Всегда отличавшийся веселым нравом, Кертис состроил игривую гримасу, когда мужчины вокруг него рассмеялись, а затем повернулся к Вивьен:

– Виви, ты не хуже меня знаешь, что это никогда не пройдет мимо церкви.

Теперь настала очередь Вивьен состроить гримасу:

– Тогда зачем я здесь? Пусть церковь переписывает это. – Она оттолкнула сценарий, словно испытывая отвращение.

– Вивьен, милая, я серьезно. – Кертис начал барабанить указательным пальцем правой руки по своему экземпляру сценария. – Кардинал Маркетти грозится посетить съемки.

Мужчины на студии часто упоминали кардинала так, словно он был могущественен, как Бог. Вивьен это не испугало, но заинтриговало. Ассистентки дали Маркетти прозвище bestiaccia, что означает «монстр». Ватикан прислал кардинала, когда узнал от своих шпионов о каких-то сомнительных материалах. Это была неформальная сеть людей на всех уровнях студии, которые упорно сохраняли свои рабочие места после падения фашизма.

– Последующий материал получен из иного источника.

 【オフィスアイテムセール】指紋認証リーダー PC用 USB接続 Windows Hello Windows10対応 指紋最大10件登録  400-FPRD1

Вивьен узнала, что итальянские мужчины упрямы во многих отношениях. Они показали себя особенно непреклонными, если отвергать их знаки внимания. В Англии простое язвительное замечание могло навсегда поставить мужчину на место. В Италии все было не так. Здесь мужчины практически наслаждались отказом.

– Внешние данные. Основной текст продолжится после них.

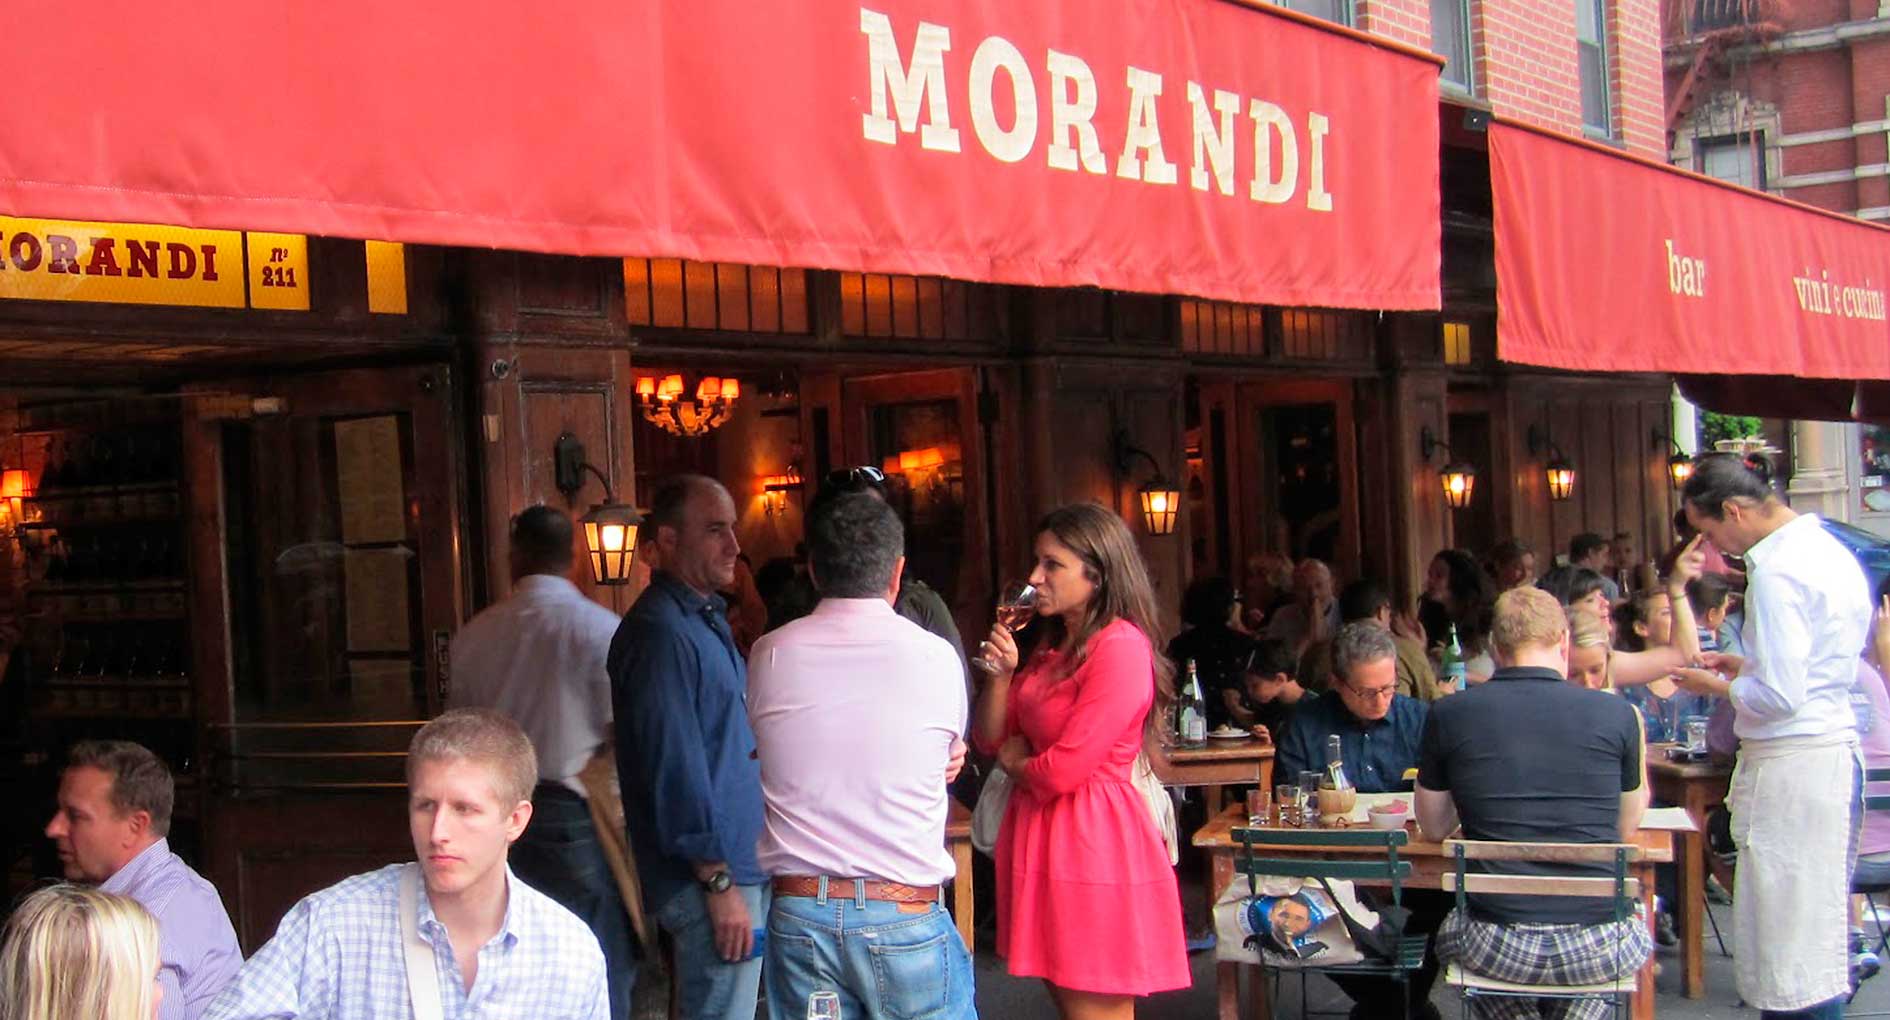 Morandi Restaurent Exterior

– Так пусть кардинал приходит.

Кертис раздраженно развел руками и всех отпустил. Когда Вивьен вышла из обеденного зала, Леви Бассано бросился к ней. Вместе они прошли мимо бара, где Федерико Феллини проводил столько встреч, что персонал отеля называл его ufficio[18], затем пересекли вестибюль, который был почти пуст, так как вся страна спала.

– Мы спорим об этом уже несколько дней, – сказала она со вздохом.

– Ты с этим споришь, – поддразнил ее Леви.

– О да, я знаю, это из-за моего характера.

– Кертису нравится ставить людей в дурацкое положение, но в глубине души он знает, что ты права.

Вивьен бросила на Леви благодарный взгляд. Они тесно сотрудничали в «Чинечитта» уже два месяца. За это время Леви ни разу не заигрывал с Вивьен, вместо этого проявляя великодушие и дружелюбие. Она сочла такое поведение одновременно освежающим и удивительным, учитывая, что Леви был всего на несколько лет моложе нее и казался таким же раскованным и свободным.

Подойдя к вращающимся золотым дверям знаменитого гранд-отеля, Леви склонил голову набок, любуясь видом на парк Боргезе.

– Что ты знаешь о scolaretta? – спросил он.

Вивьен рассеянно хмыкнула, заметив знакомого мужчину в темных очках на круглом диванчике в центре вестибюля. Маленькая девочка послушно стояла перед ним, пока он поправлял ее косичку.

– Это было ее подпольное имя – школьница-убийца. Она застрелила командира СС прямо за этими дверями. – Леви указал сквозь стекло. – На этом самом месте.

Вивьен наконец вспомнила мужчину и с удивлением повернулась к Леви.

– Во время войны весь этот отель принадлежал немецкому командованию, – продолжил он. – На третьем этаже пытали партизан. Они даже взорвали вестибюль самодельными бомбами. – Леви уставился на тротуар за окном. – Ты бы никогда не догадалась об этом, не так ли? – добавил он почти шепотом.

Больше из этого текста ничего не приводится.